Diky kemudian melanjutkan putusan PTUN yang memerintahkan sidang etik Dewas dianggap tidak tepat. Semestinya sudah sidang etik Ghufron dengan agenda putusan dapat tetap digelar pada Selasa (20/5). Sehingga kata dia semestinya tidak dapat mempengaruhi.
Oleh sebab itu, ICW tetap meminta agar Dewas tetap menggelar sidang etik putusan Nurul Ghufron yang menjatuhkan sanksi berat.
"Kami mendesak agar Dewan Pengawas tetap menyelenggarakan agenda pembacaan putusan atas sidang pelanggaran kode etik yang diduga dilakukan oleh Nurul Ghufron dan tidak ragu untuk menjatuhkan sanksi berat kepada yang bersangkutan.

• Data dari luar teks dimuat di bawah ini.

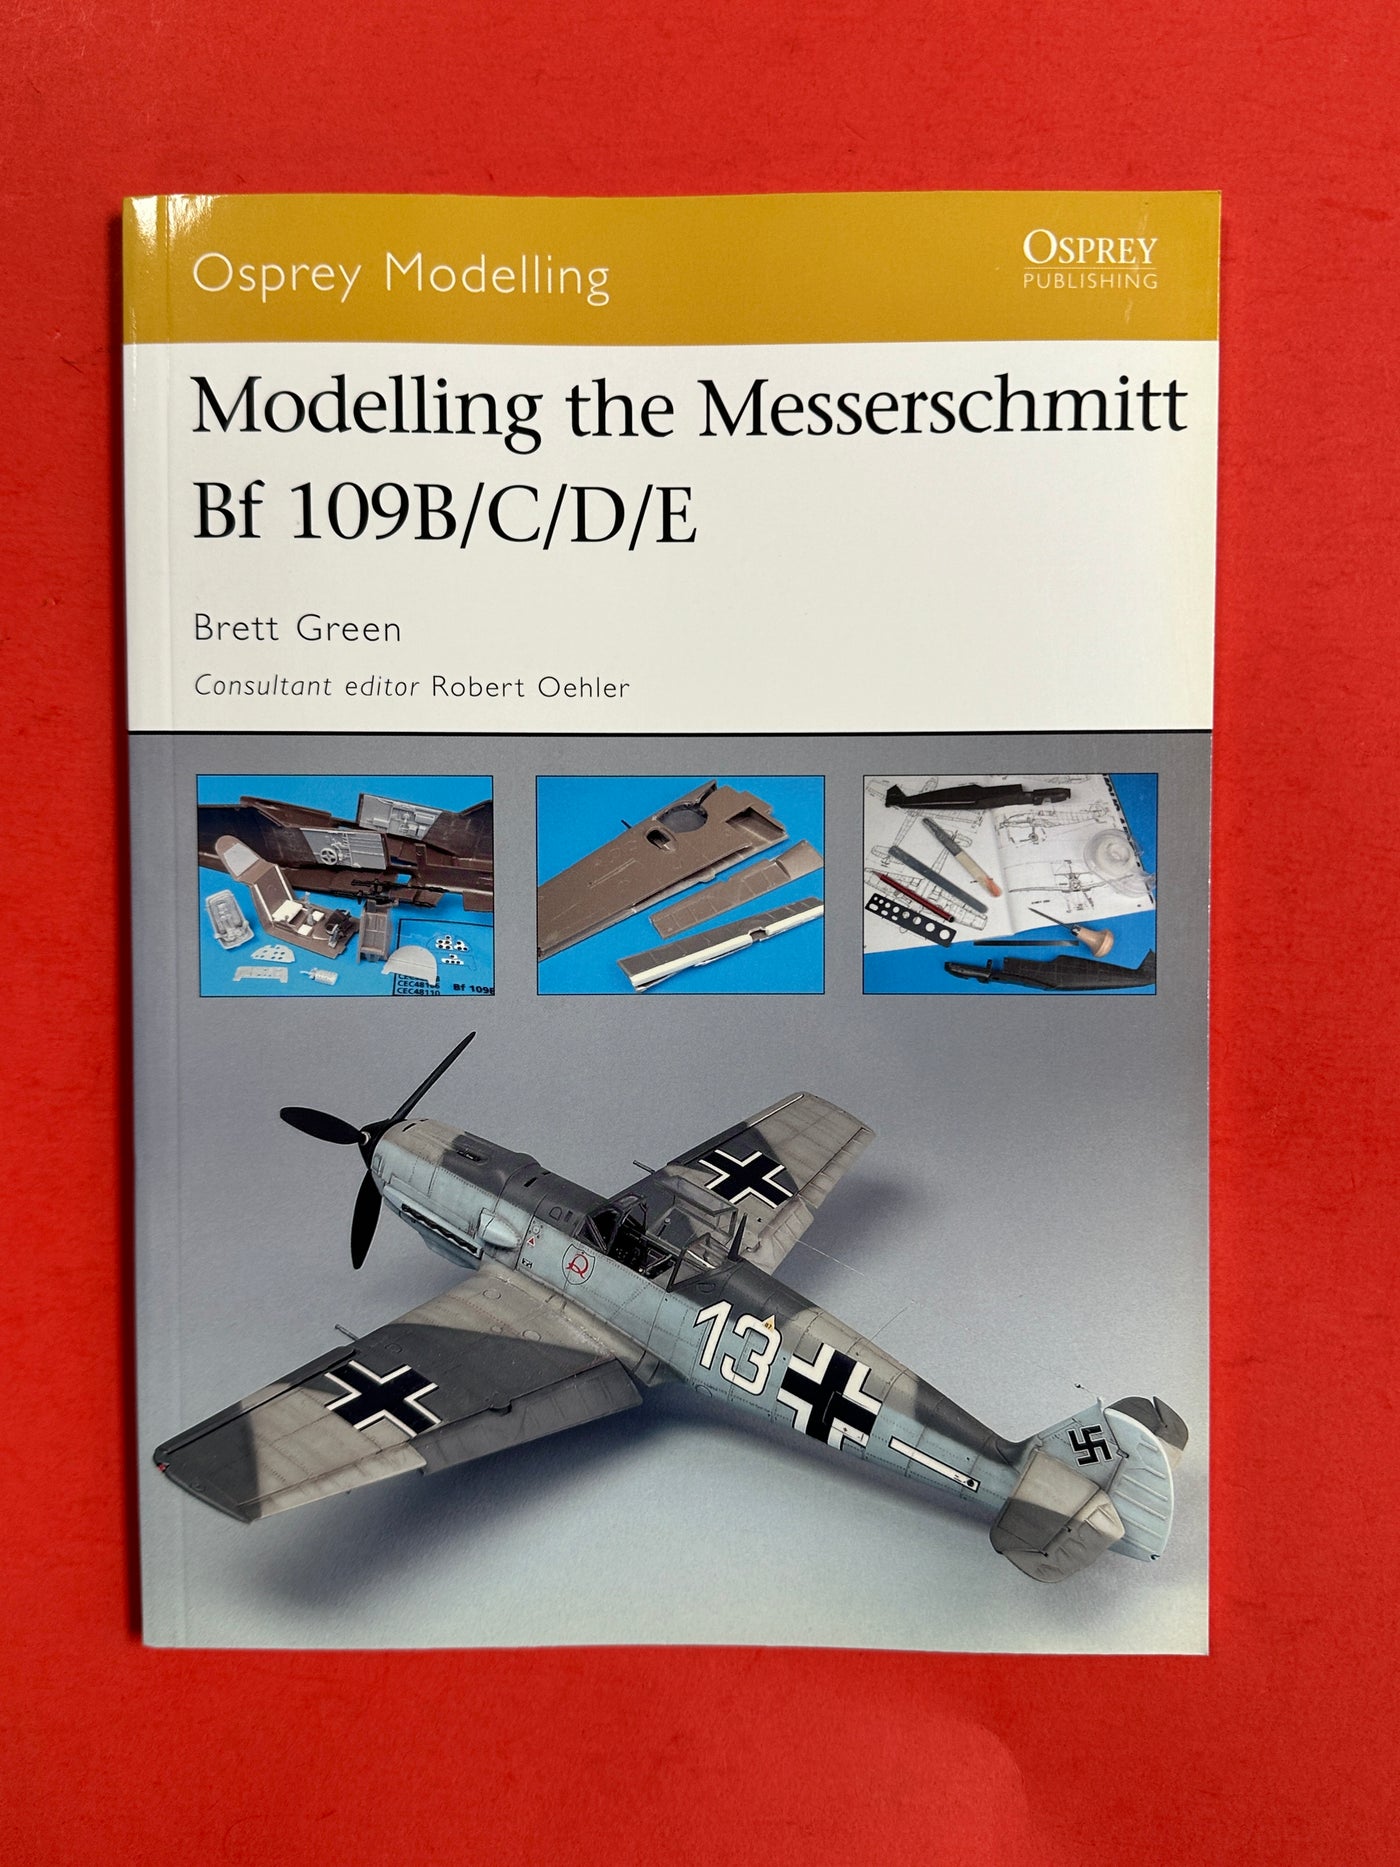 Osprey Modelling: Modelling the Messerschmitt Bf 109B/C/D/E
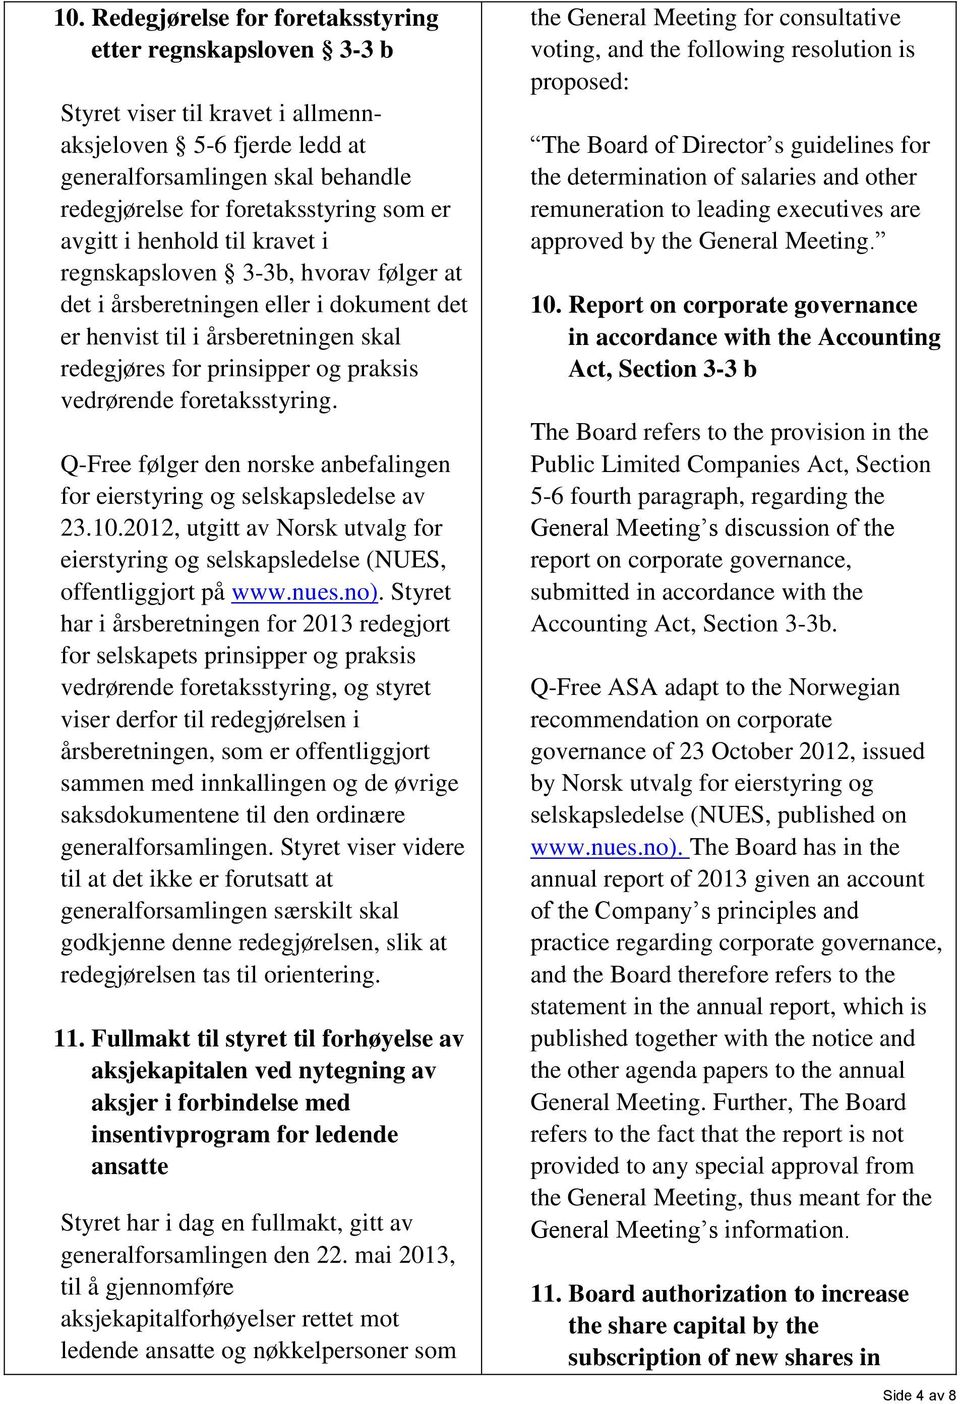 foretaksstyring. Q-Free følger den norske anbefalingen for eierstyring og selskapsledelse av 23.10.2012, utgitt av Norsk utvalg for eierstyring og selskapsledelse (NUES, offentliggjort på www.nues.

Adapun jenis hukuman berupa, 'diminta untuk mengajukan pengunduran diri sebagai pimpinan' sebagaimana diatur dalam Pasal 10 Ayat (3) Perdewas Nomor 3 Tahun 2021," tegasnya.
Sebagaimana diketahui, berdasarkan laman Sistem Informasi Penelusuran Perkara (SIPP) PTUN Jakarta, dengan nomor perkara 142/G/TF/2024/PTUN.JKT, dalam amar putusan selanya memerintahkan Dewas untuk menunda sementara sidang etik Ghufron.
"Memerintahkan Tergugat untuk Menunda Tindakan Pemeriksaan atas Dugaan Pelanggaran Etik Atas Nama terlapor Nurul Ghufron sebagaimana Surat Undangan Pemeriksaan Klarifikasi Nomor: R-009/DEWAS/ETIK/SUK/02/2024 tertanggal 21 Februari 2024," tulis laman SIPP yang dikutip, Senin (20/5).
Perintah itu ditetapkan majelis hakim PTUN untuk selanjutnya memerintahkan panitera PTUN melanjutkan surat keputusan itu.
"Memerintahkan Panitera Pengadilan Tata Usaha Negara Jakarta untuk menyampaikan salinan Penetapan ini kepada pihak-pihak yang berkaitan ; Menangguhkan biaya yang timbul akibat Penetapan ini diperhitungkan dalam Putusan akhir," lanjut keterangan putusan sela itu.
Dalam gugatan yang diajukan oleh Ghufron, menyebut kalau dugaan pelanggaran etik dirinya ke Dewas dianggap telah kedaluwarsa. Sebab peristiwa Ghufron yang membantu mutasi ASN kenalannya dari pusat ke daerah terjadi pada 15 Maret 2022. Sehingga dianggap tidak sah dan batal demi hukum.
Oleh karenanya, Ghufron melalui hakim PTUN menghentikan pemeriksaan dan atau peristiwa lalu menerima laporannya yang telah dimasukkan pada 28 Februari 2024.